Рухела осеклась, ибо на пол кухни пала тень человека, сухого, как жердь. О, это майордомо Марсиано Нарини, воплощенная сухость, засушенная надменнось в камзоле, скелет с лицом трупного цвета.

— Приготовления идут как надо? — проскрипел иссушенный голос.

— Да, ваша милость, все идет как надо, — отвечают все хором, провожая ненавидящими взглядами графского погонялу.

Перед доном Томасом, падре Грегорио и майордомо — арабский скакун.

— Что скажешь, падре? — спрашивает граф.

Глаза Грегорио светятся восхищением.

— Не может быть лучшего подарка к рождению Мигеля, ваша милость. Этот конь подобен солнечному лучу. У него петушиная поступь.
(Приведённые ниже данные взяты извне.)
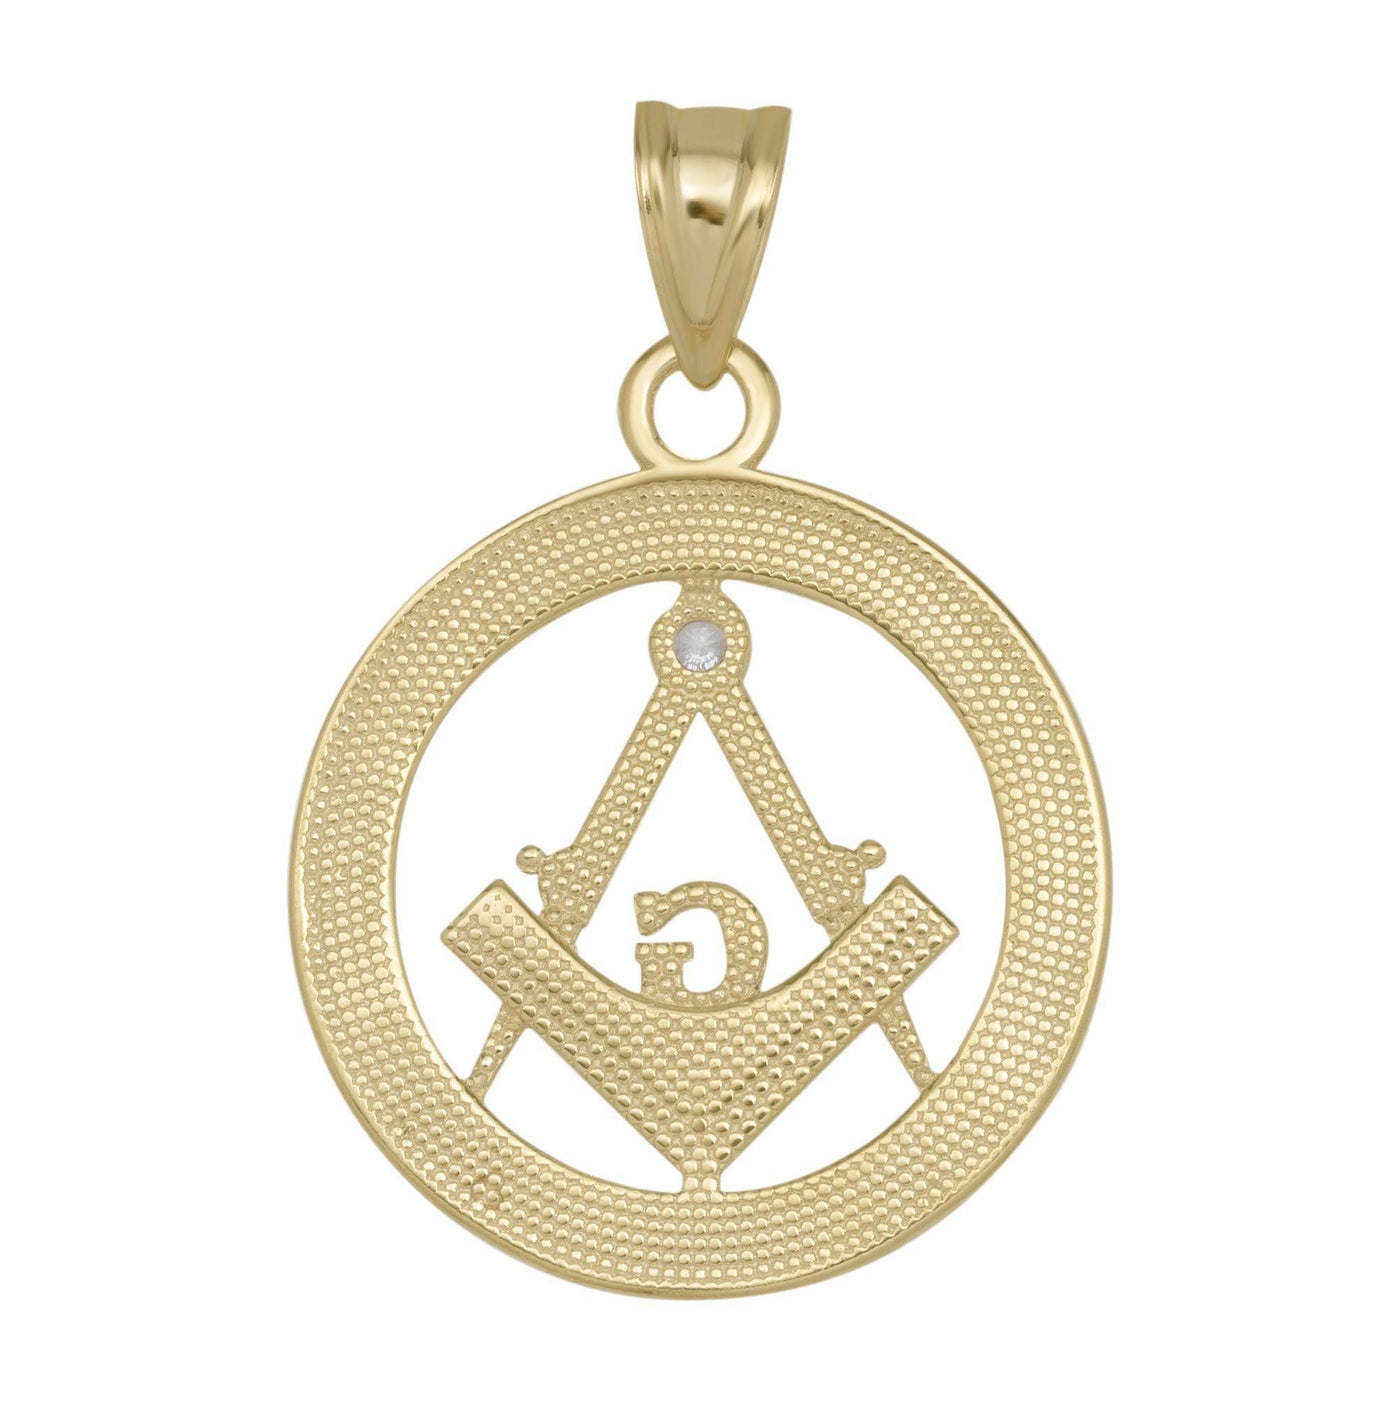 The Square and Compasses Masonic CZ Pendant Solid 10K Yellow Gold - bayamjewelry

Сухожилия напряжены, как тетива лука.

Падре ходит вокруг вороного коня, с чувственным наслаждением поглаживает его блестящую шерсть.

— А ты, Марсиано?

Сухой майордомо вспыхнул свечой, ибо испанец и на смертном одре испытывает такую же страстную любовь к лошади, как к собственной жизни.

— Великолепное животное, ваша милость.

Монах наклоняется к графу Томасу, шепчет:

— Дон Мигель должен время от времени читать перед сном этому красавцу на ухо шестьдесят шестую суру Корана. Тогда конь будет предан ему, как собака.

— Но ведь тогда ему придется говорить по-арабски? — удивляется дон Томас.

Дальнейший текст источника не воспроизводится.